Patronen en regels van evolutie. evolutionair proces

Inhoudsopgave:

Patronen en regels van evolutie. evolutionair proces
Patronen en regels van evolutie. evolutionair proces
Anonim

Biologische evolutie impliceert de natuurlijke ontwikkeling van levende organismen, die gepaard gaat met veranderingen in de genetische samenstelling van populaties, evenals een toename van adaptieve eigenschappen, de opkomst van nieuwe soorten en het uitsterven van oude. Al deze factoren veranderen in de loop van de tijd zowel het ecosysteem als de biosfeer als geheel.

regels van evolutie
regels van evolutie

Basistheorie

Er zijn verschillende versies die de mechanismen uitleggen waarop het evolutionaire proces is gebouwd. De meeste wetenschappers zijn nu toegewijd aan de synthetische evolutietheorie (STE), gebaseerd op de versmelting van populatiegenetica en het darwinisme. De synthetische theorie verklaart de relatie tussen genetische mutaties, dat wil zeggen het materiaal van evolutie, en natuurlijke selectie (het mechanisme van evolutie). Het evolutionaire proces in het kader van deze theorie is het proces van het veranderen van de frequenties van allelen van verschillende genen in soortenpopulaties in de loop van meerdere generaties.
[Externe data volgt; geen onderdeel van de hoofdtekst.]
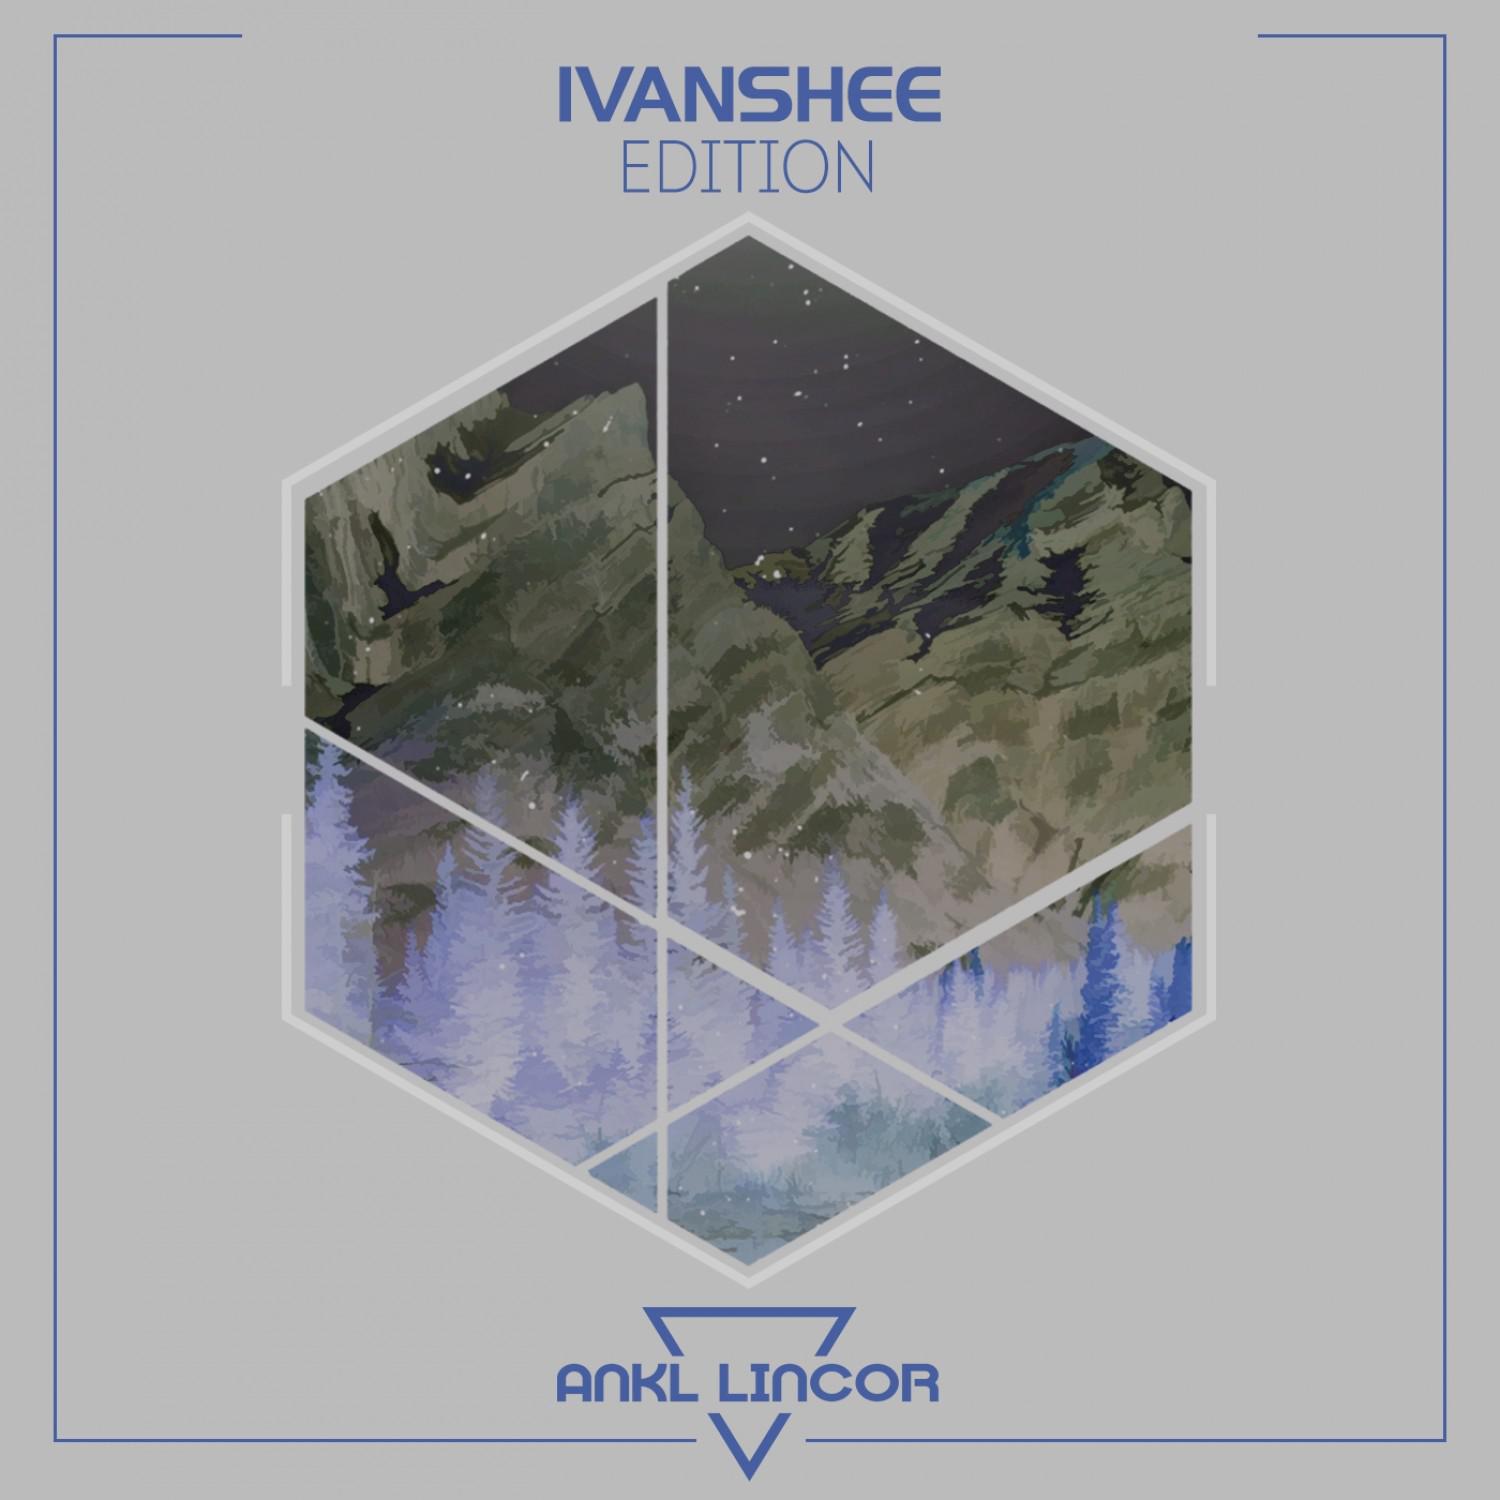 Hierachy Tree (Ivanshee Remix)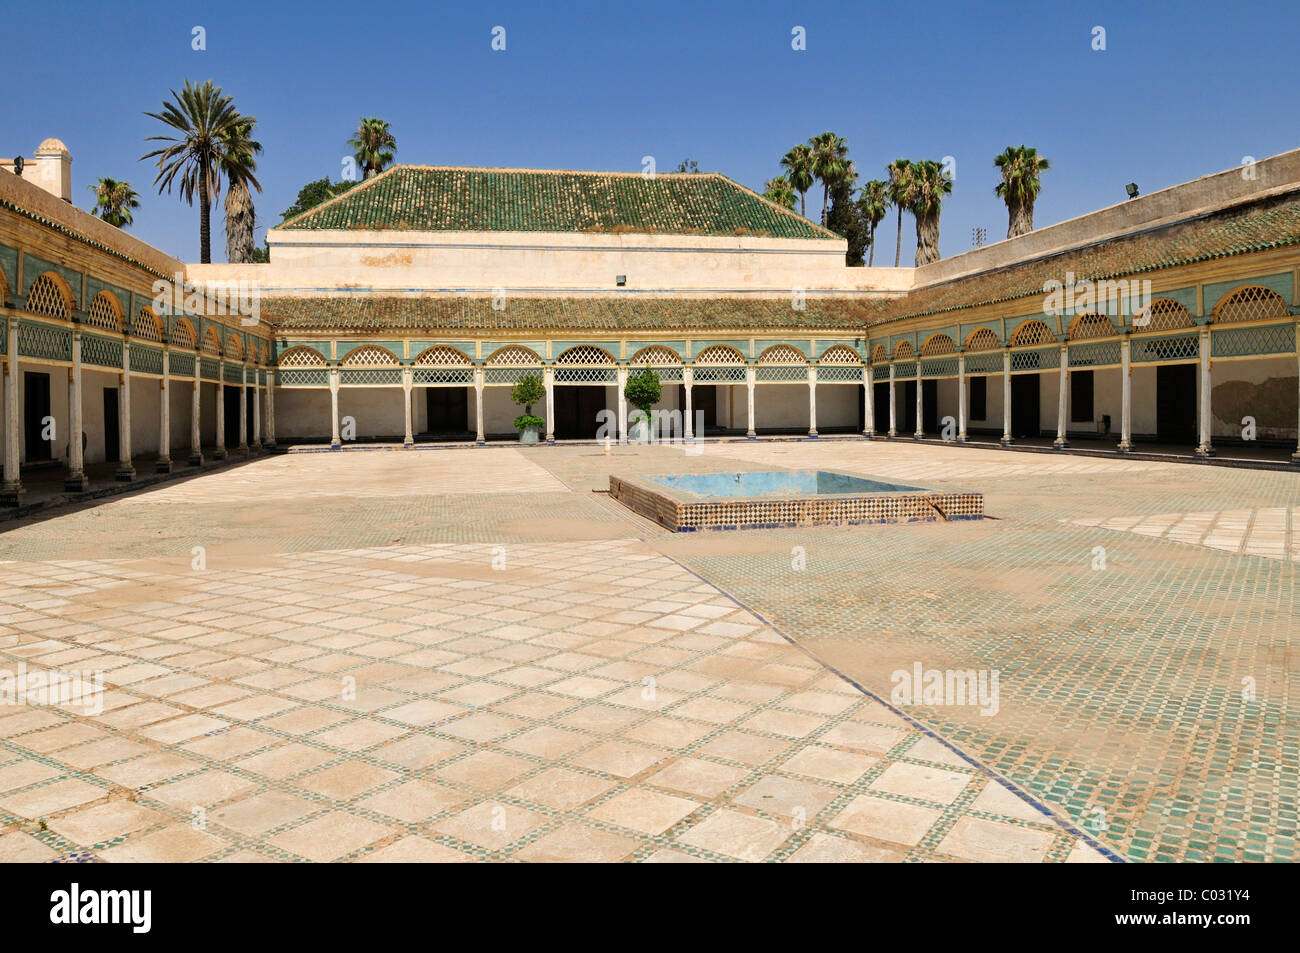 Courtyard in the El Bahia Palace, Marrakesh Medina, Unesco World Heritage Site, Morocco, North Africa Stock Photo

Patronen en regels van evolutie

Evolutie is een onomkeerbaar proces. Elk organisme dat zich door de opeenhoping van positieve mutaties heeft kunnen aanpassen aan nieuwe omstandigheden, wanneer het terugkeert naar zijn vorige omgeving, zal het pad van aanpassing opnieuw moeten doorlopen. Bovendien kan geen enkele biologische soort volledig worden vastgesteld,Charles Darwin schreef dat zelfs als het leefgebied hetzelfde wordt als voorheen, de geëvolueerde soort niet in staat zal zijn om terug te keren naar zijn vroegere staat. Dat wil zeggen, dieren zullen zich kunnen aanpassen aan de terugkeer van de oude omstandigheden, maar niet op de "oude" manieren.

Dit is gemakkelijk te zien in het geval van dolfijnen. De interne structuur van hun vinnen (samen met walvisachtigen) behoudt de kenmerken van de ledematen van zoogdieren. Mutaties updaten de genenpool van een generatie, zodat ze zich nooit herhalen. Ondanks het feit dat dolfijnen en walvissen hun leefgebied hebben veranderd en vijfvingerige ledematen zijn veranderd in vinnen, zijn het nog steeds zoogdieren. Net zoals reptielen in een bepaald stadium uit amfibieën zijn geëvolueerd, maar zelfs als ze terugkeren naar hun vorige omgeving, zullen ze geen amfibieën kunnen voortbrengen.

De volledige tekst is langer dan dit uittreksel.